The three stars that make up Orion’s belt is the giveaway. But there’s a lot more to appreciate. Like Rigel… Orion’s bright blue left foot. Rigel is an enormous, hot star that’s actually part of a system of 3 to 5 stars, but we can only see the biggest, brightest one—Rigel A. Rigel is 20 times more massive than the sun, 80 times bigger, and tens of THOUSANDS of times brighter. It’s also young… only around 9 million years old.
But the biggest star in Orion is his bright orange right shoulder, one of the largest stars we know of. Betelgeuse. Betelgeuse is so big that if we were to swap it with our sun, its surface would reach beyond the orbit of Mars.

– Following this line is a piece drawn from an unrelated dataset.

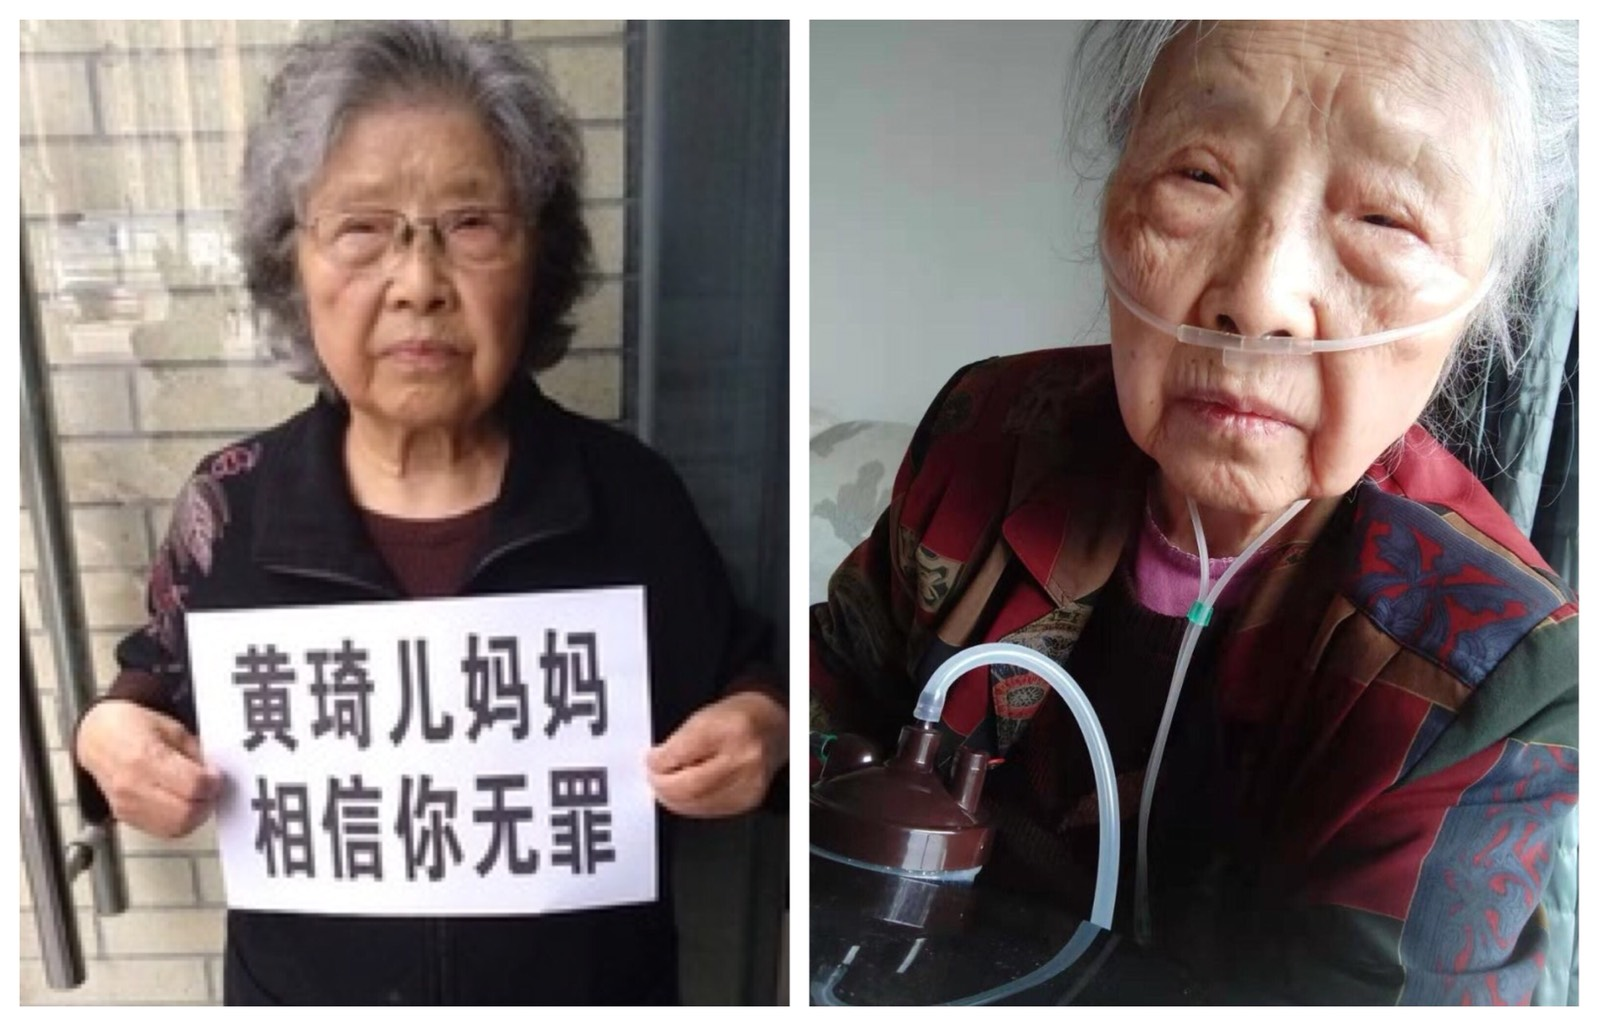 中共嚴控黃琦的母親蒲文清已長達40多個月,不准她和朋友見面,不准上北京不準會見黃琦,不准接受媒體採訪,也不准請律師。蒲文清如今患上了肺癌,唯一心願就是能見上黃琦一面。(受訪者提供/大紀元合成)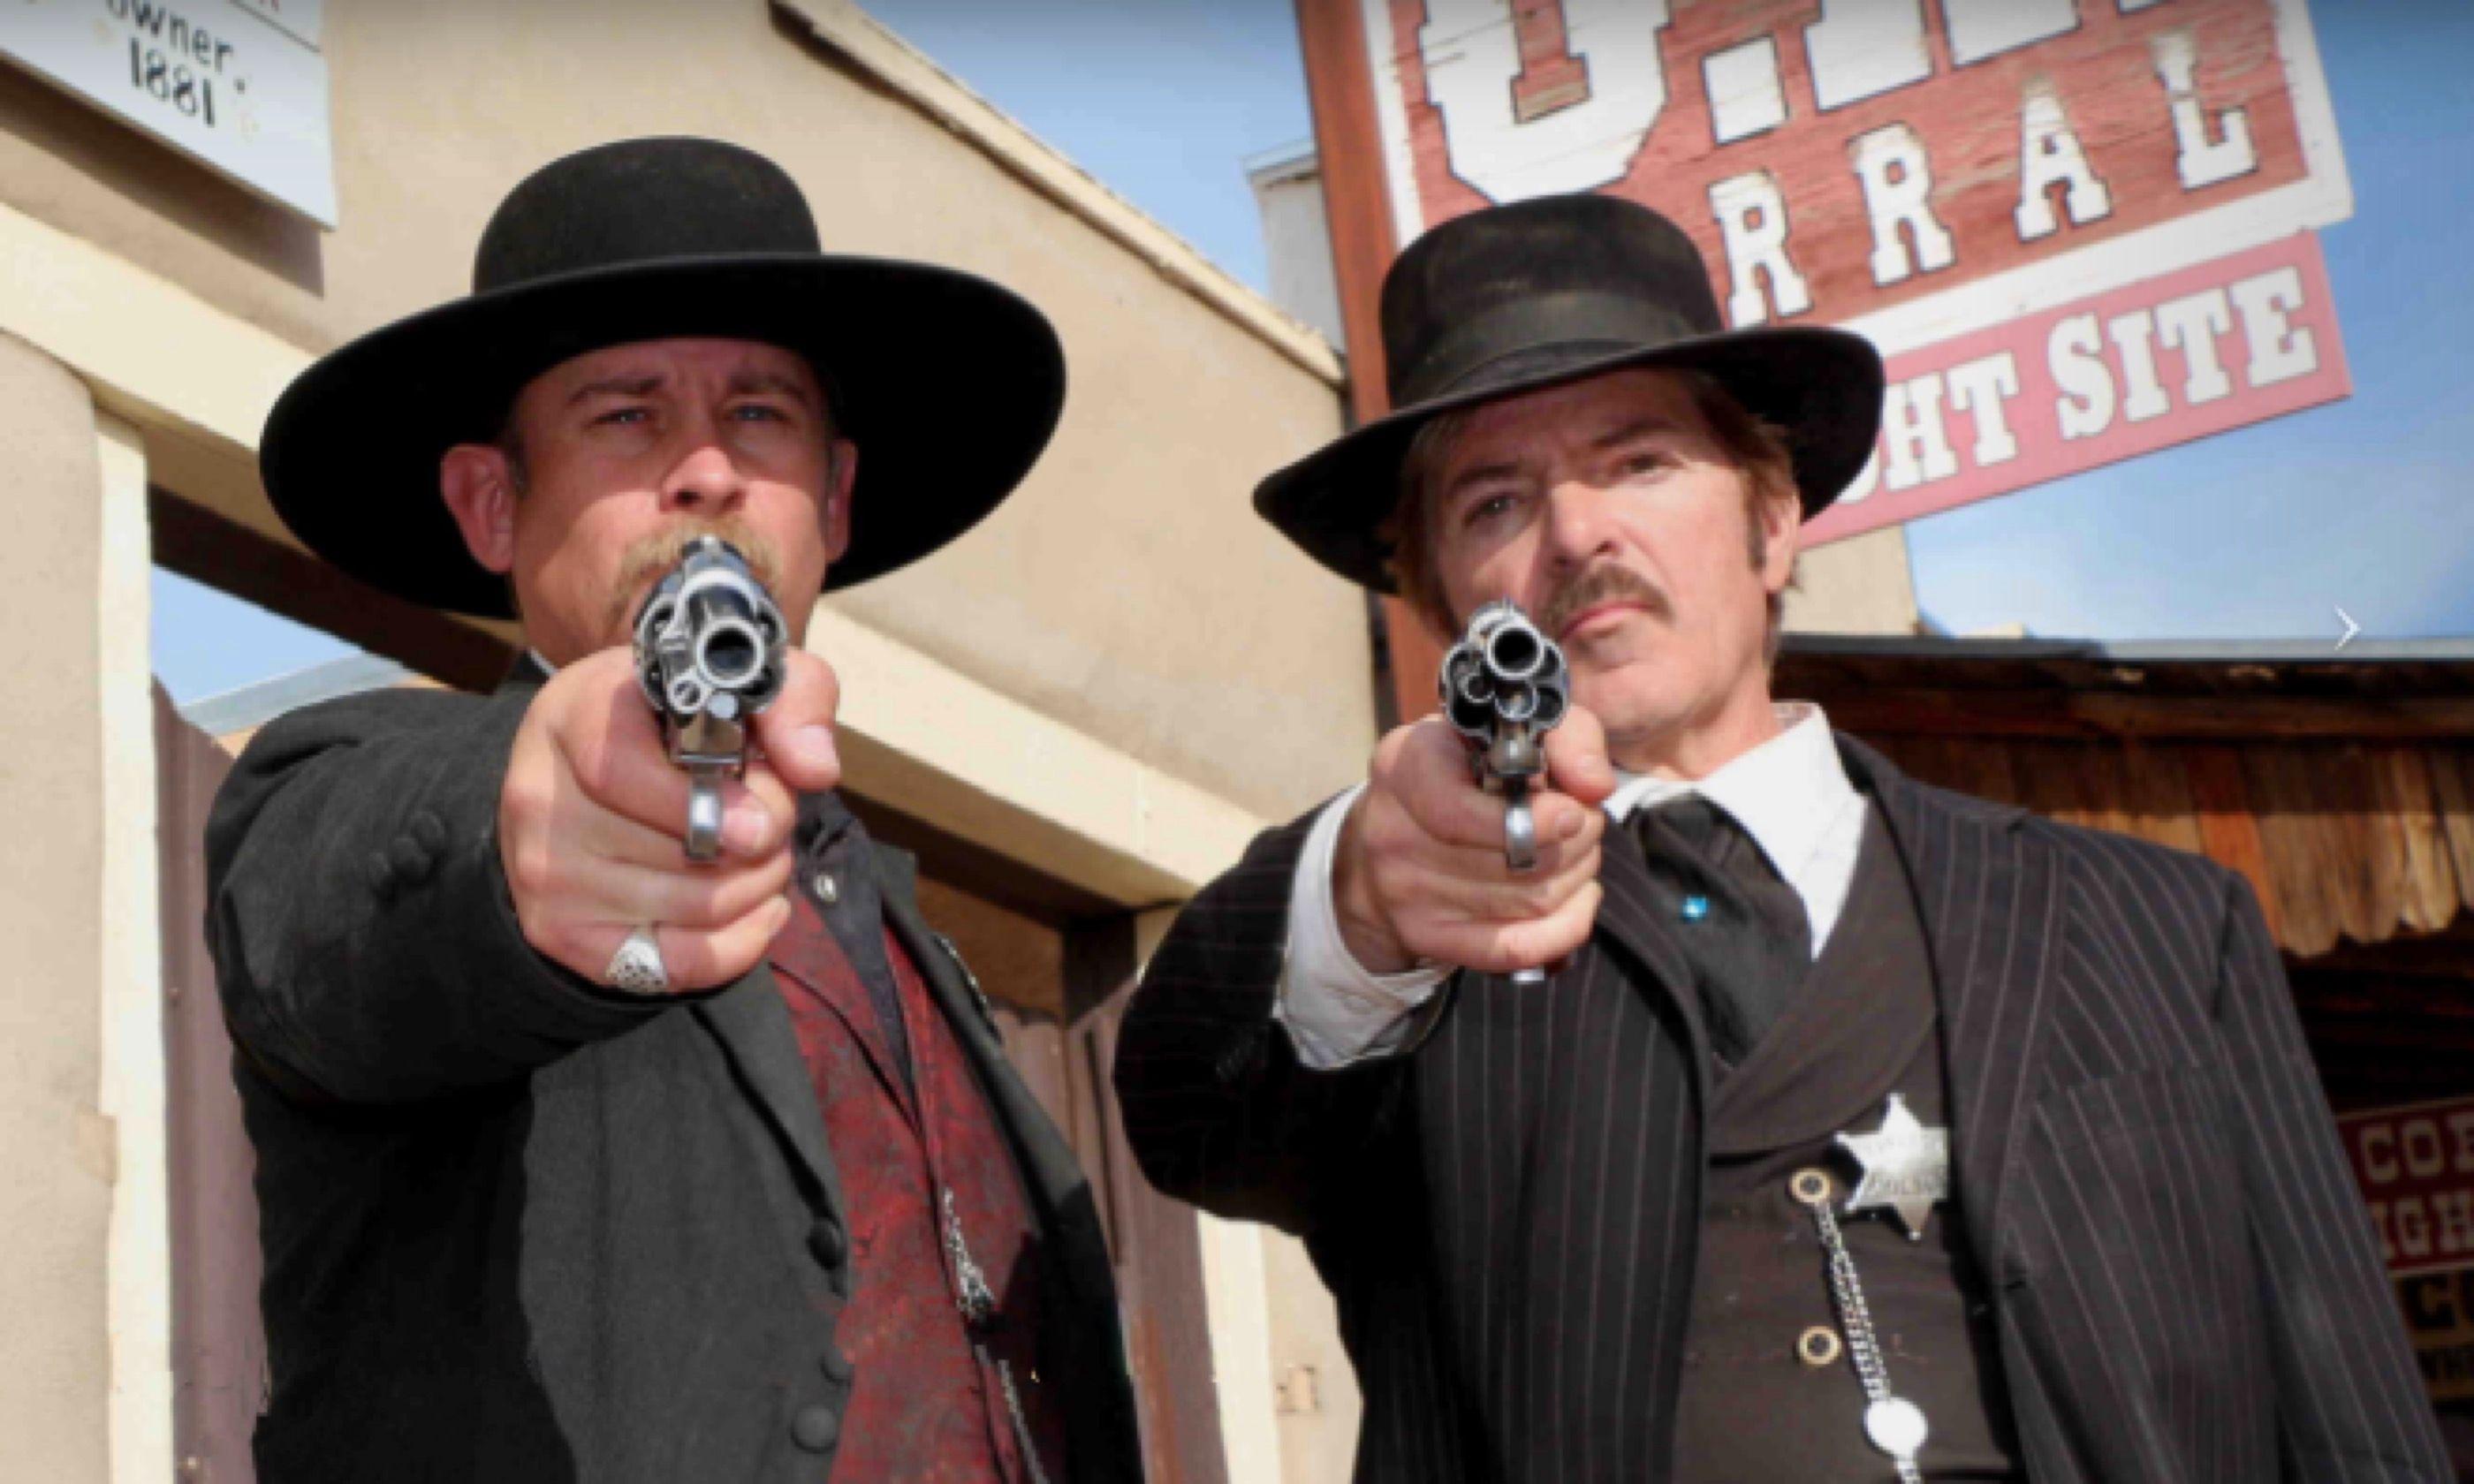 Shootout at the OK Corral (OK Corral.com)

Now you don’t need a telescope to appreciate the brightest stars of Orion, but I’d get it out anyway… because the Orion Nebula has hooked so many people on astronomy. You can see it with almost any telescope. And we’ve learned a lot from it. The Orion Nebula is a stellar nursery. New stars form there from collapsing clouds of gas and dust. And almost everything we know about stellar nurseries came from studying the Orion Nebula. If you make a triangle with the center of the belt, Rigel, the left foot, and Saiph, the right knee of Orion, the nebula is right in the middle. You can’t miss it.
So tonight, bundle up, embrace the cold weather… and spend some time with Orion The Hunter.